The email-based contact system wasn't a compromise — it was the right answer. The owner's workflow already works. The site's job was to plug into it, not replace it.

Niche expertise reads immediately

Using industry-specific terminology — chillers, AHUs, BMS, passive candidates — signals credibility faster than any about page. Speak the language of the audience and they trust you before they've read a single credential.

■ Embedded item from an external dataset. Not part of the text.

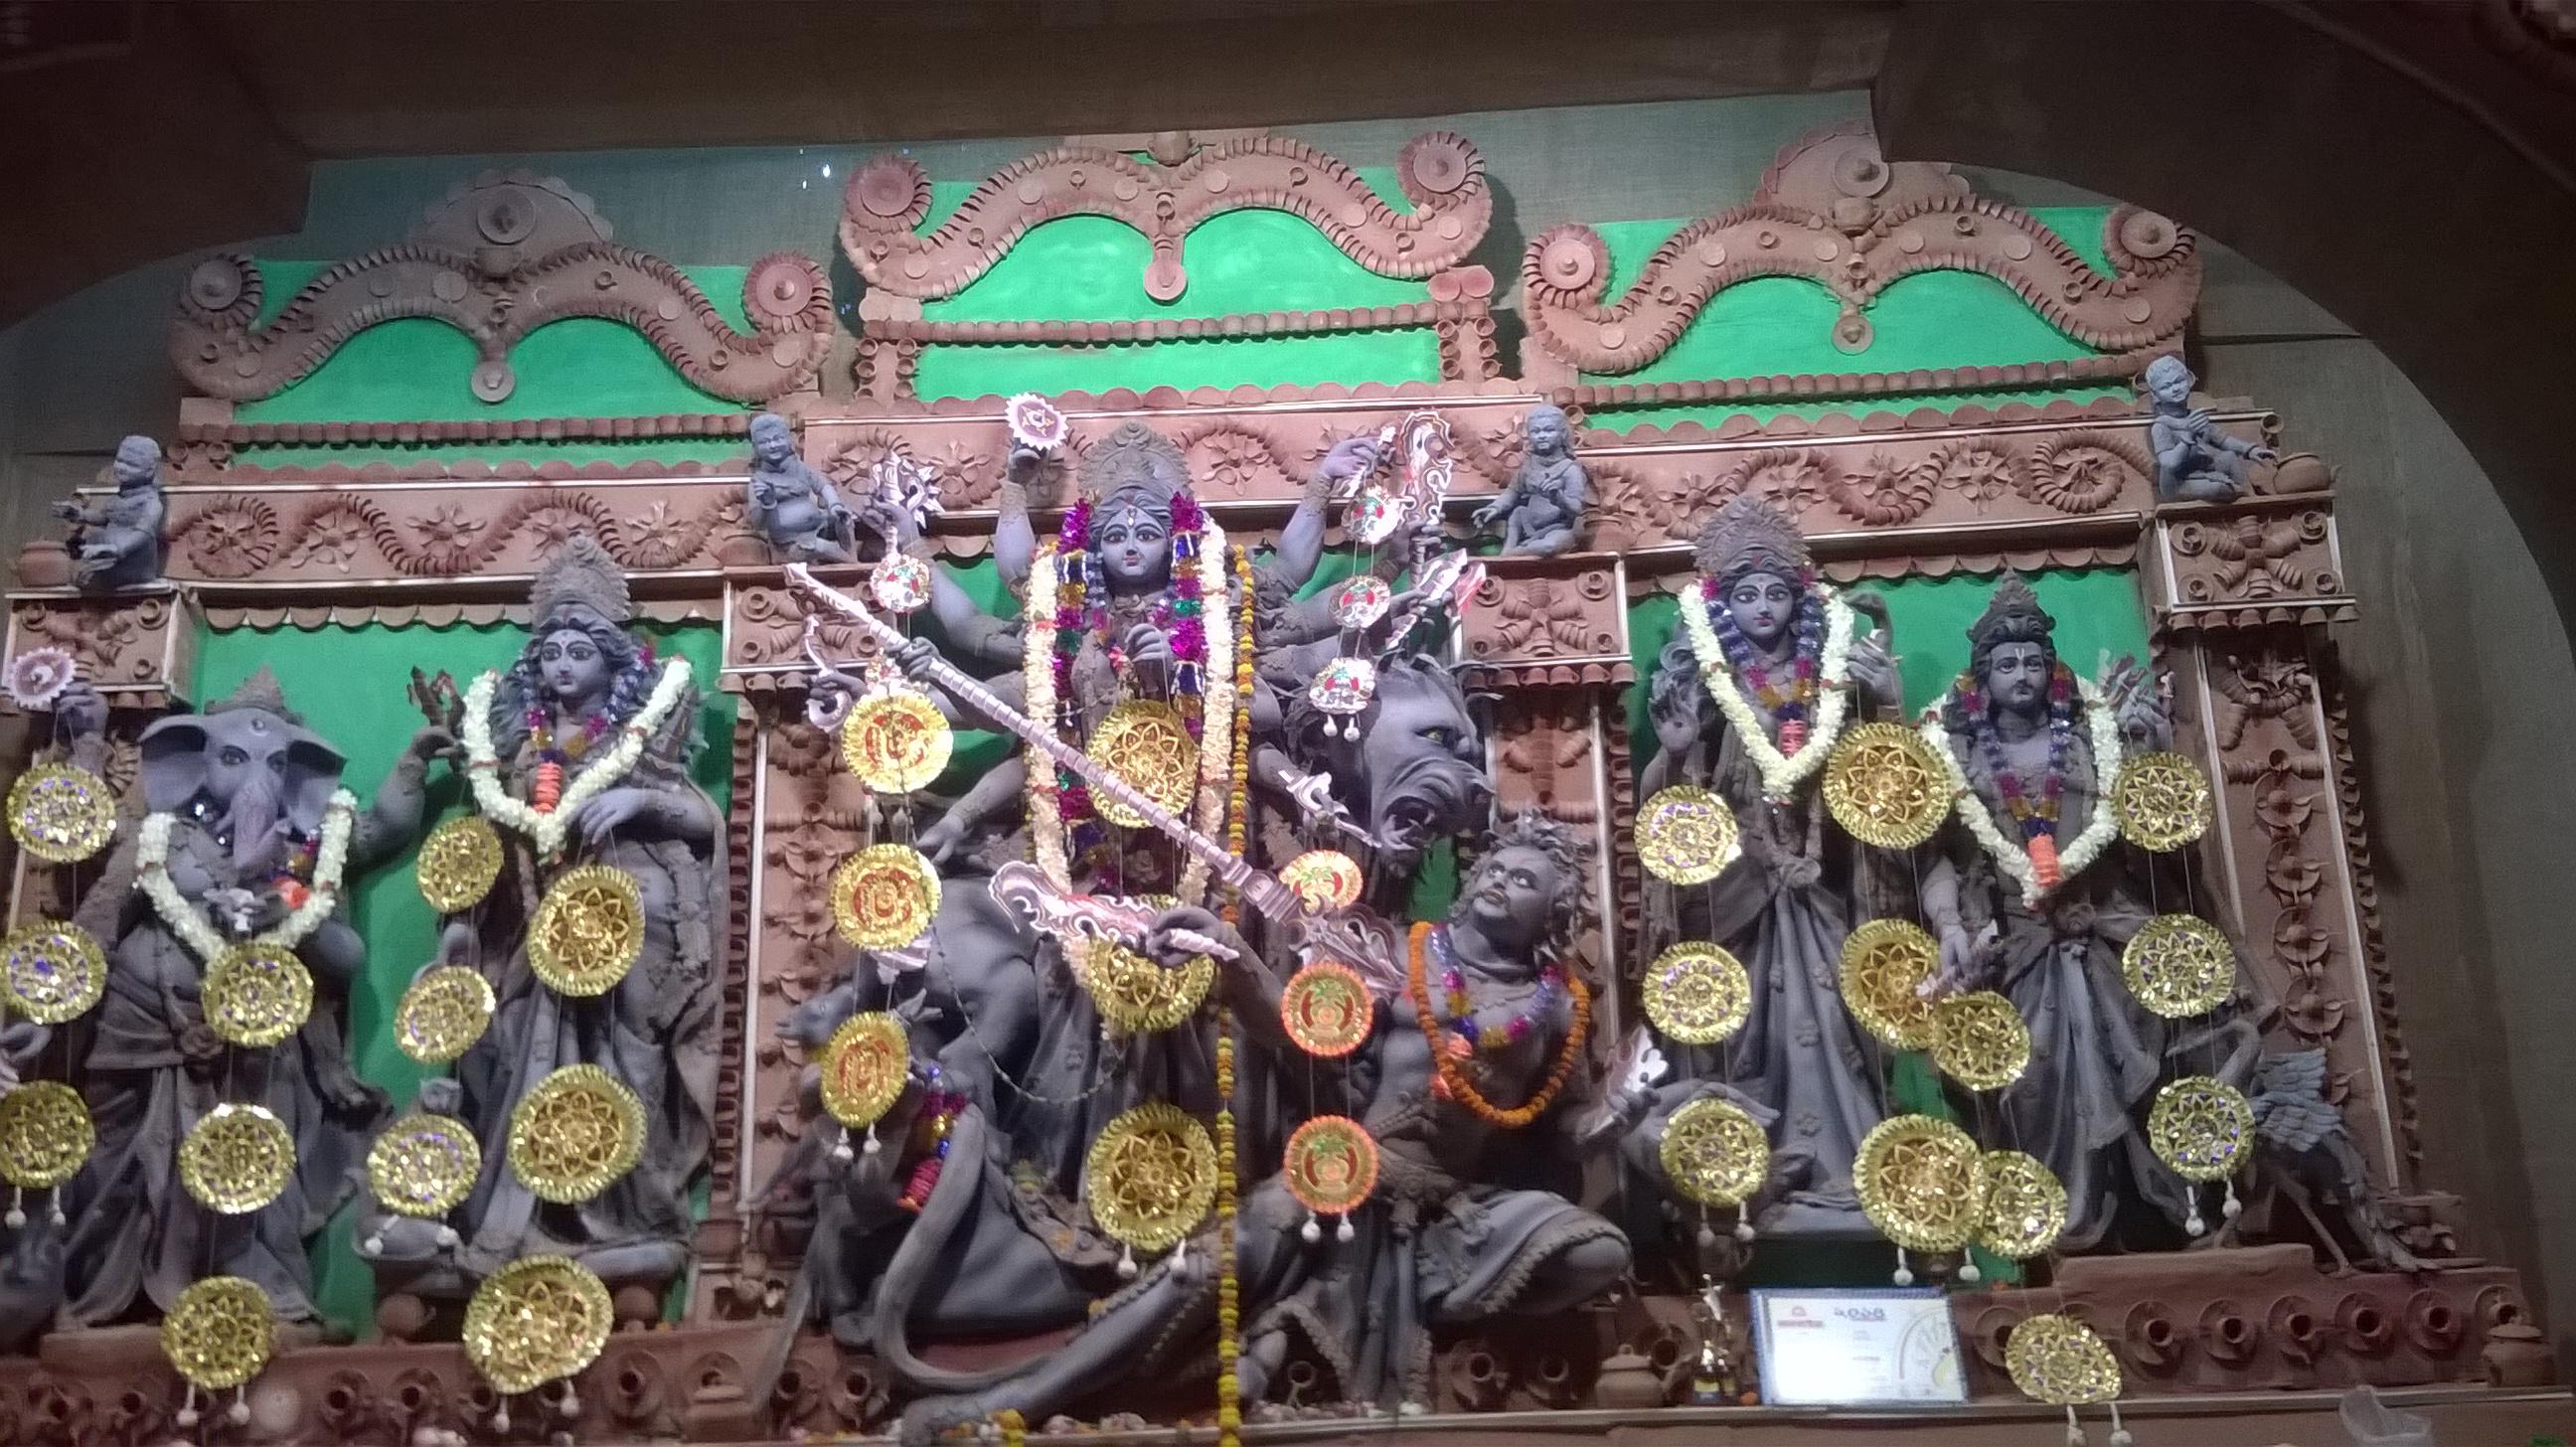 The Gorgeous Devi Idol
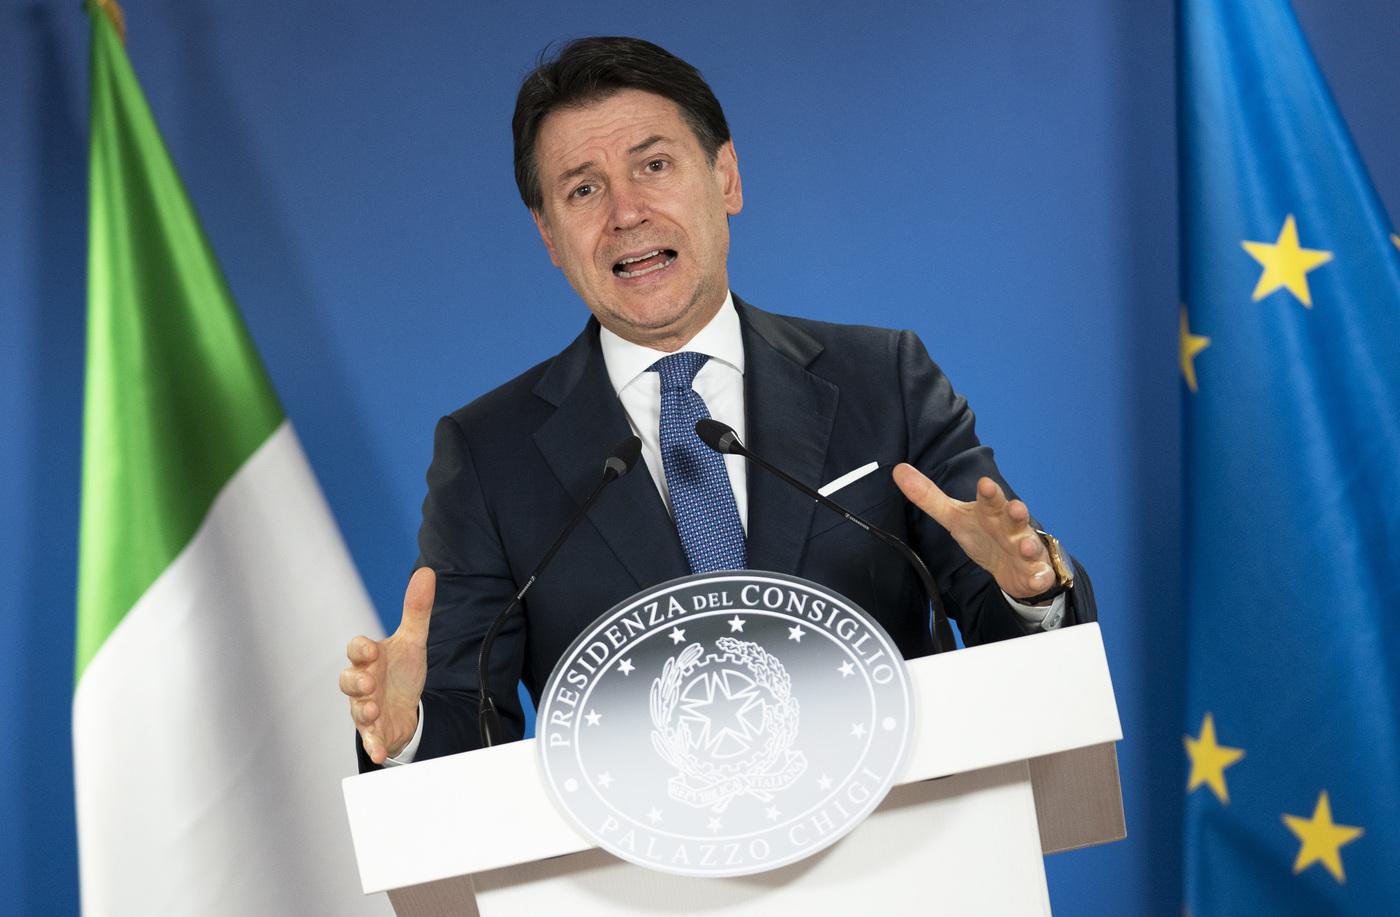 Il Presidente Giuseppe Conte a Bruxelles al Consiglio europeo e all'Eurosummit

Simplicity is a design decision

Leaving out the ATS, the portal, and the scheduling tool wasn't a concession to budget. It was the correct product decision. Features that create maintenance burden and behavior change for a one-person operation have negative ROI.

Build timeline

Wk 1

Discovery & Research

Owner interviews, business model mapping, audience definition, technical constraints assessment, competitive analysis of boutique recruiting sites.

Wk 2

Architecture & Flows

Site map design, employer and candidate user flow diagrams, feature decisions (build vs. cut), specialty page strategy.

Wk 3

Copywriting & Visual Design

Page copy written with owner across all 12+ pages, visual direction, typography and color system, mockups for homepage and key templates.

Wk 4–5

WordPress Build & Launch

Full Kadence build, FormSubmit contact system, responsive QA across devices, owner walkthrough for independent updates, launch.

Ongoing

Live & Owner-Maintained Live

Owner updating content independently. No developer dependency. Tracking inbound leads from international search traffic.